Men and women are so inherently different, but that isn’t something that should immediately cause concern, it’s just who we are and how we view the world around us. So today we’re going to look at how and why men and women deal with relationship problems differently.
However, even knowing that we’re different still doesn’t stop us behaving irrationally. At times at odds with how we normally behave, when it comes to dealing with our relationship problems.
One of the key factors between surviving relationship problems and not, is communication. Think about it, men and women naturally communicate in different ways. Let’s take a closer look.
Women like to use communication to talk through a problem, to get to the root cause.
We like to share our thoughts and feelings as for us it boosts our connection to those around us, our friends, family and partners.
Through sharing how we feel, talking enables us to let go of any negativity, or to at least start to process it.
Sometimes it’s only once we’ve talked through an issue that we find the information we require. Not that we were necessarily looking for it when we started talking. Talking to a professional can work wonders.
When talking to a partner, most of the time women just need men to listen and want them to understand how they’re feeling.
Men on the other hand like to use talking to figure out a solution.

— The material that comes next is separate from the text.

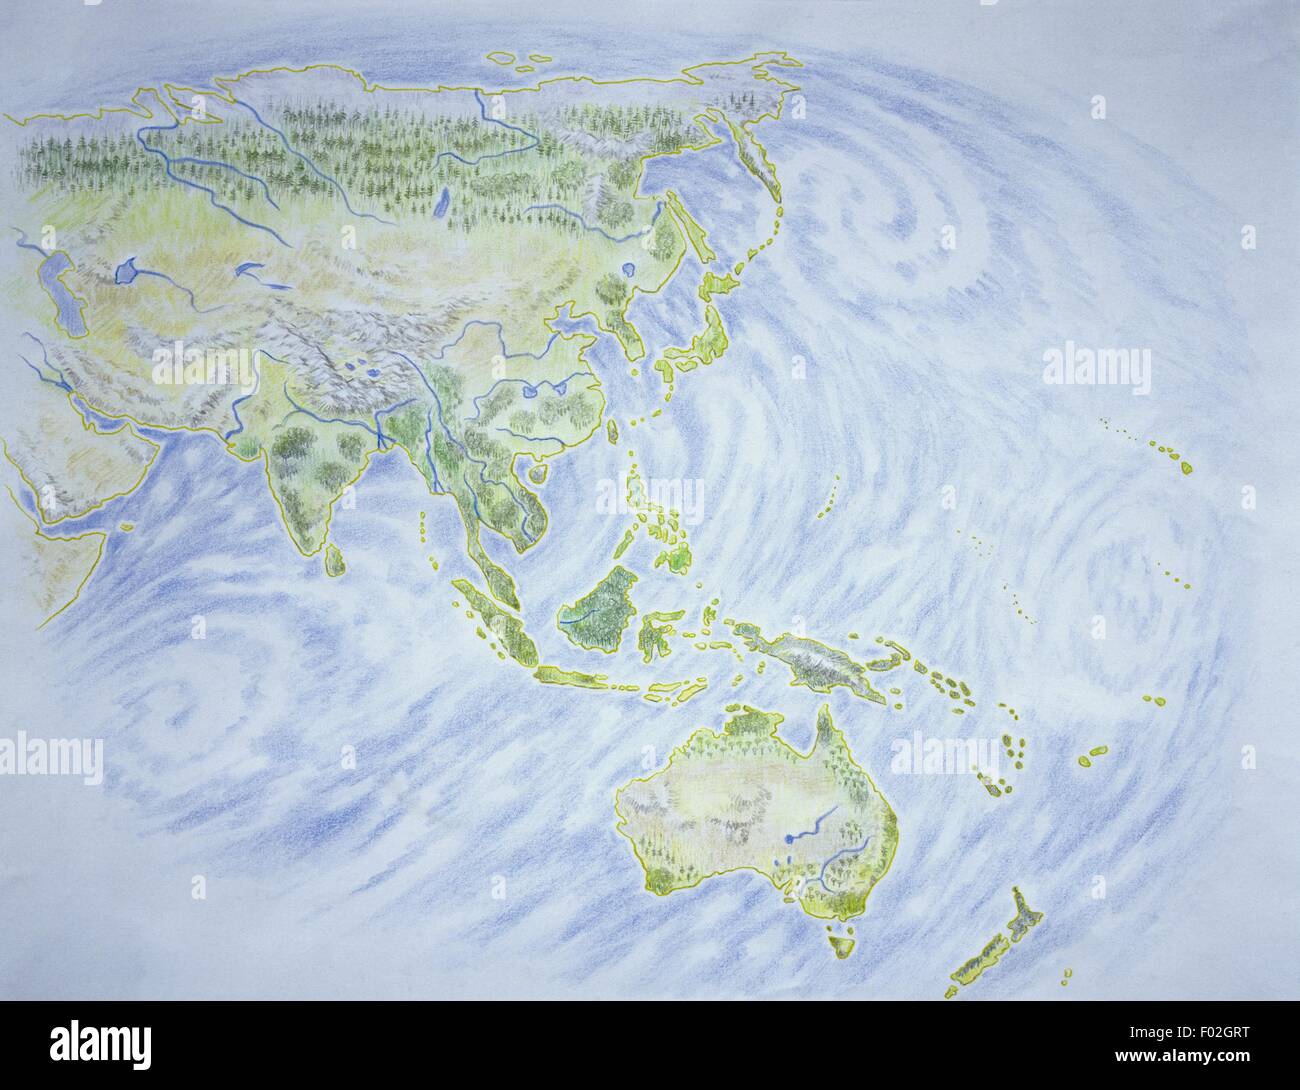 Cartography - Map of Asia and Oceania, illustration Stock Photo

Talking for guys has a clear purpose, because for them, a conversation is a way of solving a problem, or making a point.
Talking should be as efficient and to the point as possible for men.
When a man tells a story, he doesn’t work through the details as he tells it, he has already figured out what he’s going to say and then tells the story.
Therefore, this allows him to share the details he deems relevant and leaving out the unnecessary parts.
Men then wonder why women need to talk so much. They often interrupt them mid-flow to offer advice or to try and find a solution to their supposed ‘problem’ as quickly as possible.
Men understand that when a woman strikes up a conversation it’s because she needs his advice or help, consequently a man is conditioned to actively listen and offer solutions to her.
He’ll listen to what she says and filters through her words, trying to figure out where best he can provide input.
Being able to listen passively is not something that comes easy to a lot of men.
For women, however, the conversation itself provides the end she seeks.
If a woman feels that what she is saying has been listened to and she’s been understood, or received empathy, she’s happy. The problem, if there is one, is considered ‘dealt with’.
Knowing that someone has been listening to her talk helps her process any negative feelings.
Therefore, sharing worries and concerns with a partner makes a woman feel closer to them, more connected.
She isn’t sharing to get his advice; she’s sharing to feel safer and secure.
When a woman is down, a man will feel it is his responsibility to help cheer her up.
He will go to all lengths necessary to right any perceived wrongs. He’ll feel impatient to remedy her woes as quickly as possible, by offering up solutions and trying to problem solve.
Men feel it is their duty to provide for their partner and can feel personally responsible if something is upsetting her, even if they had nothing to do with it.
Men listen actively and so can miss that a woman is upset and take her words literally, not realising she is trying to convey emotions.
They don’t like outside help or assistance, they like to be on their own to figure things out for themselves.
However, when they withdraw, they avoid communicating with their partner. This is when women can misread the situation, taking the man’s silence as a slight on her, that she’s done something wrong.
Women instinctively try to nurture when a loved one is upset, but most men don’t like to be fussed over, particularly when they’re stressed or angry.
They will therefore, withdraw further, leaving her feeling like he’s pushing her away.
She can then react angrily for fear of losing him, and the situation can escalate.
One of the things both men and women need to understand is that both parties want to satisfy their partner, to look after them, to love them and trust them.
Learning to communicate and understanding that the different sexes approach communication from very different angles can really help a relationship therefore, preventing resentment from creeping in.
This is how and why men and women deal with relationship problems differently.